Für HR Verantwortliche sehen wir eine zusätzliche Chance: Jetzt ist ein guter Zeitpunkt, Neues auszuprobieren. Vielleicht haben Sie schon lange eine Vision, was geändert gehört. Jetzt, wo das Arbeitsumfeld in ganz Österreich sich stark verändert, finden Sie vielleicht auch in der Chefetage ein offeneres Ohr. Das Eisen ist heiß, jetzt muss man es schmieden. Wir haben gesehen, dass die neue Art des Arbeitens in vielen Unternehmen gut funktioniert hat. Darüber sollten HR Verantwortliche jetzt sprechen. Es ist auch hier der richtige Zeitpunkt neue Modelle auszuprobieren. Aber es ist jetzt auch ein guter Zeitpunkt noch transparenter zu kommunizieren, Ängste anzusprechen, zu beruhigen. Wir sehen bei unseren Kunden und Kundinnen, dass Mitarbeiter ihren Arbeitsplatz nicht mehr als selbstverständlich sehen und auch der kausale Zusammenhang - eigene Leistung - Kundenzufriedenheit - guter Verkauf - gesundes Unternehmen - eigener Erfolg, besser erkannt wird. Das birgt auch eine einmalige Chance im Diskurs.
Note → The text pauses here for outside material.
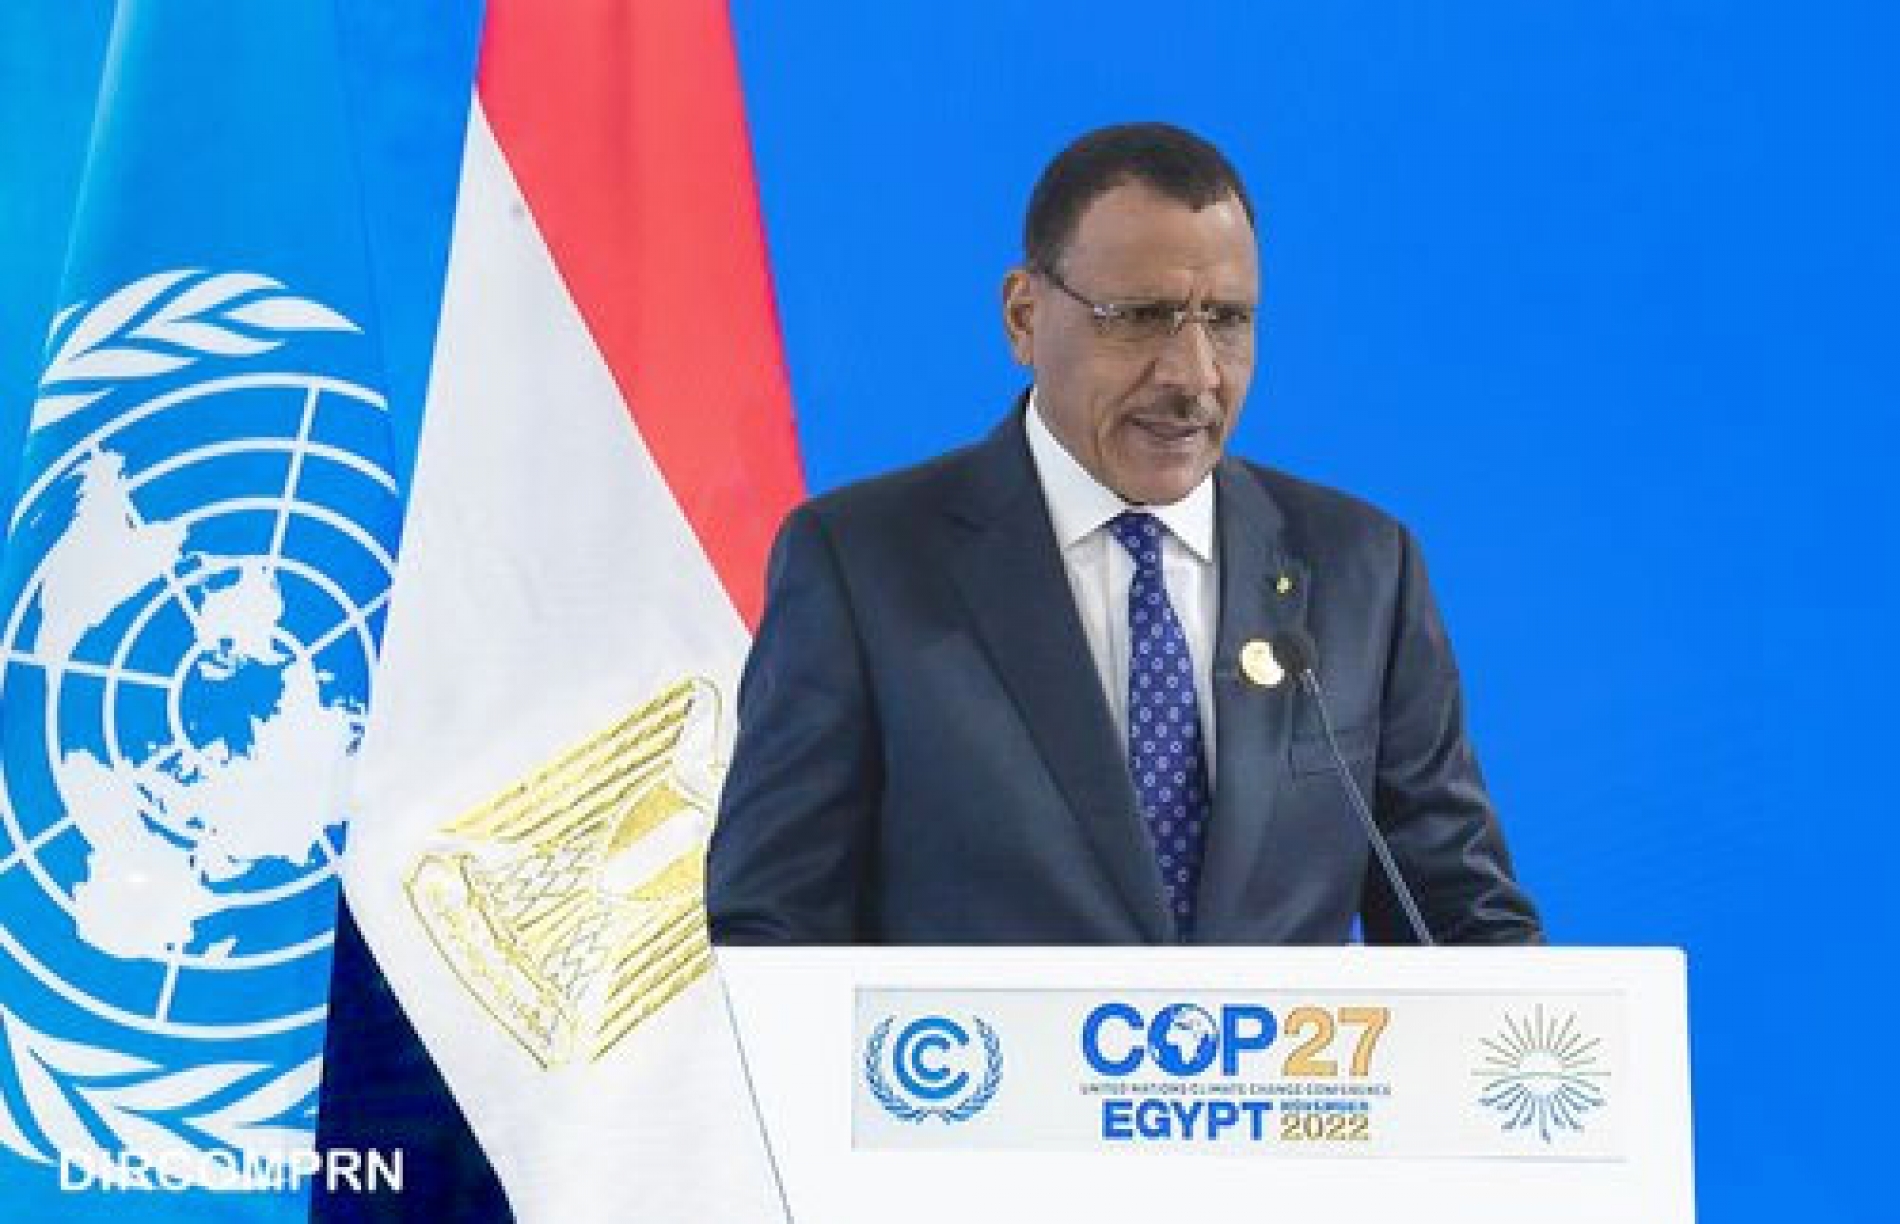 Le Chef de l’Etat à la COP 27, à Sharm El Sheikh (Egypte) : SEM. Mohamed Bazoum plaide en faveur de la mise en œuvre des engagements souscrits en matière de financement pour le climat

Was unterscheidet Sie von anderen Agenturen?
Wir beeindrucken Kunden nicht nur mit unserer Arbeit, sondern auch mit Schnelligkeit, Verständnistiefe, Leidenschaft und Chuzpe. Zum Bespiel konnten wir während dem „Lockdown“ gleich vier Neukundenkampagnen gleichzeitig entwickeln.

Wie haben Sie als Agentur die Coronakrise erlebt?
Gut. Dadurch wir bereits seit Jahren eine autonome Struktur haben, hat sich nichts wesentlich geändert. Nur die persönlichen Treffen mit Kunden und Kollegen haben uns gefehlt.
Gott sei Dank, war unsere Auftragslage akzeptabel. Dennoch waren einige Projekte von Covid-19 direkt betroffen oder wurden verschoben.

Frau Himmer, Frau Buchheim, herzlichen Dank für das Gespräch.